Another strategy for improving computational efficiency consists of discretizing the state space and constructing rules for moving among those states. The resulting scheme can be represented as a graph or network,28 and the kinetics on this graph is often assumed to have Markovian behavior.16–21 This approach is particularly well suited for reduced lattice models, and was first introduced in that context.16 For systems with a continuous state space, some form of discretization is required. This can be done by clustering based on chosen reduced coordinates18,28 or using other automated methods.21,29,30 These clusters must be chosen carefully so as to satisfy the Markovian condition.19,20,31,32 Alternatively, the discretization can be based on an analysis of the minima and/or saddle points of the energy surface,17,33,34 which can be used to build a tree-like representation of the potential- or free-energy surface (the “disconnectivity graph”) or to perform a discretized version of transition path sampling.35 The location of all minima or saddle points, however, can be a serious challenge for high-dimensional systems, though it has been shown that this is possible for peptide systems.34,36 A hybrid approach has also been proposed that makes use of molecular dynamics to infer local transition regions to build disconnectivity graphs.37
While discretization methods based on the clustering of microstates are very powerful, in that they can greatly increase the computational efficiency and allow for the possibility of studying multiple pathways (to the degree that the discretization allows it), they do suffer from some disadvantages. As previously noted,11,26 a careless choice of reduced coordinate can lead to incorrect kinetics. Furthermore, although a properly constructed kinetic network model will preserve the correct populations of the chosen macrostates, the correctness of populations and potentials of mean force (PMFs) for other reduced coordinates is not guaranteed.

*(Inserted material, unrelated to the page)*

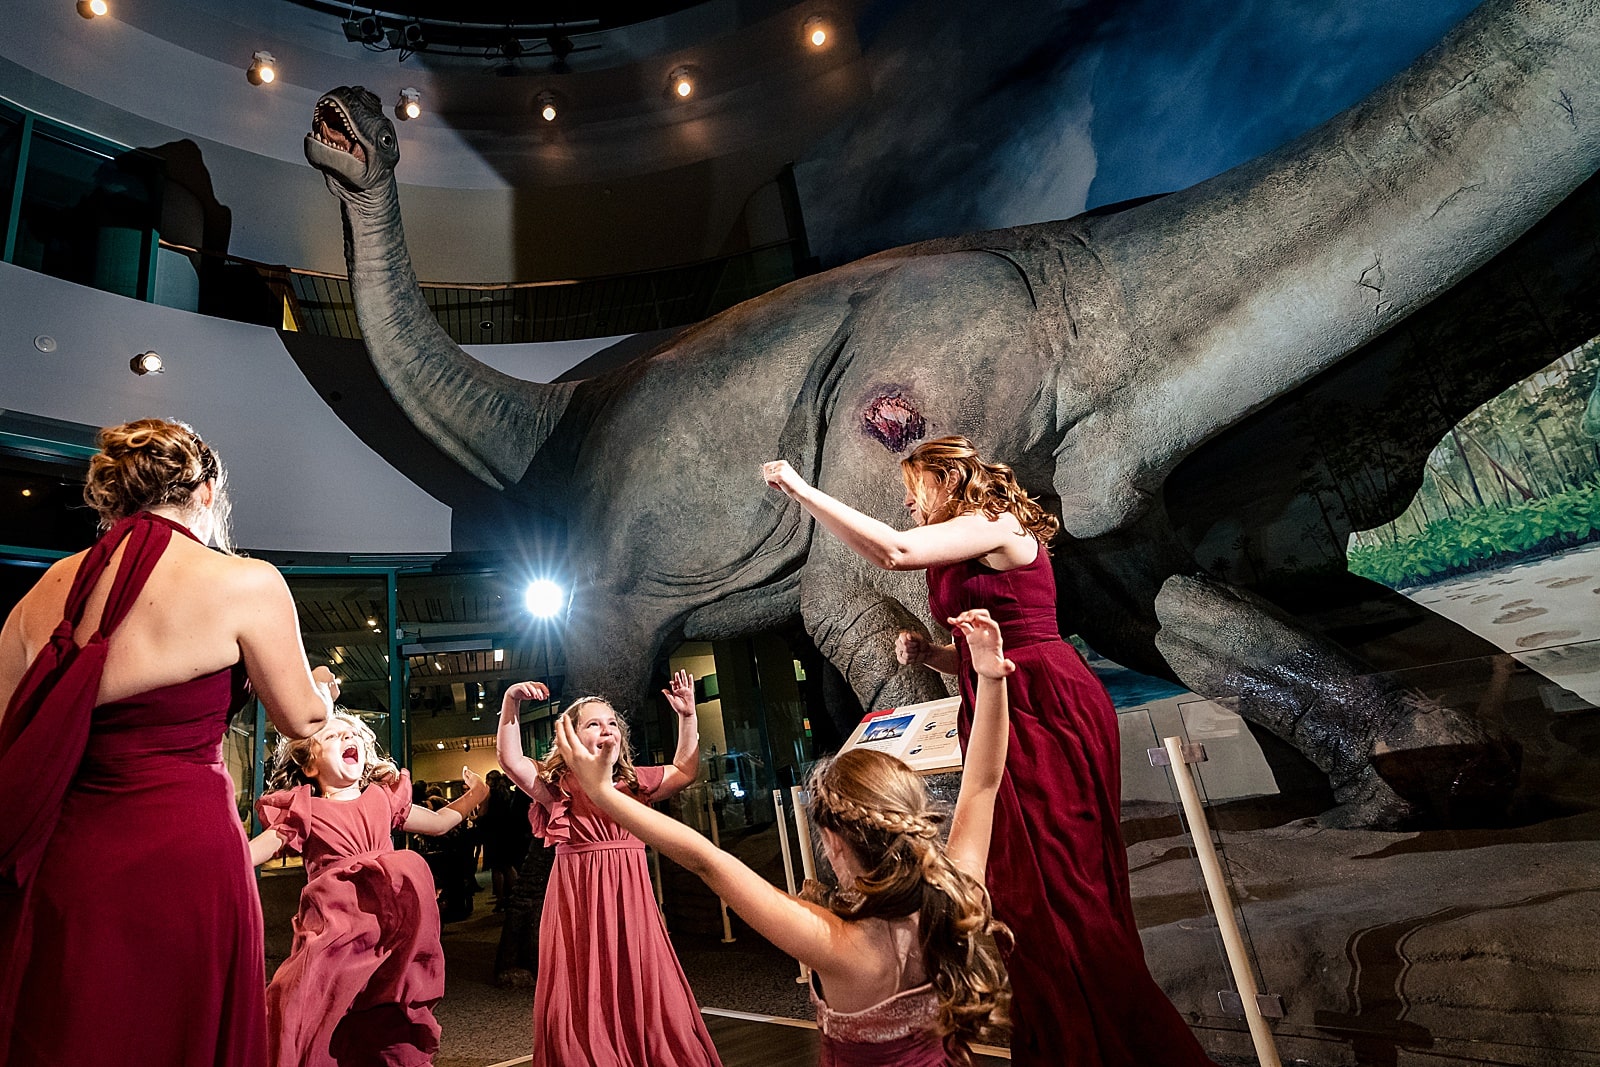 Science Museum wedding reception means there are dinosaurs on the dance floor

Generalized ensemble methods38 such as replica exchange molecular dynamics (REMD)39 have been developed which enhance the ability to obtain accurate canonical populations in complex systems by increasing sampling efficiency.40 However, since REMD involves temperature swaps between MD trajectories, it is not straightforward to obtain kinetic information from such simulations. 14,20,41 While approaches based on Markovian models of kinetics between macrostates have been used for this purpose,32 we have chosen to make use of a kinetic network model42 in which the nodes correspond to discrete molecular conformations from REMD simulation trajectories (rather than macrostates), and the edges are derived from an ansatz based on structural similarity. While this model was shown to yield physically plausible kinetics,42 the scheme which was used to weight nodes arising from different simulation temperatures was such that thermodynamic parameters of the system were not exactly preserved.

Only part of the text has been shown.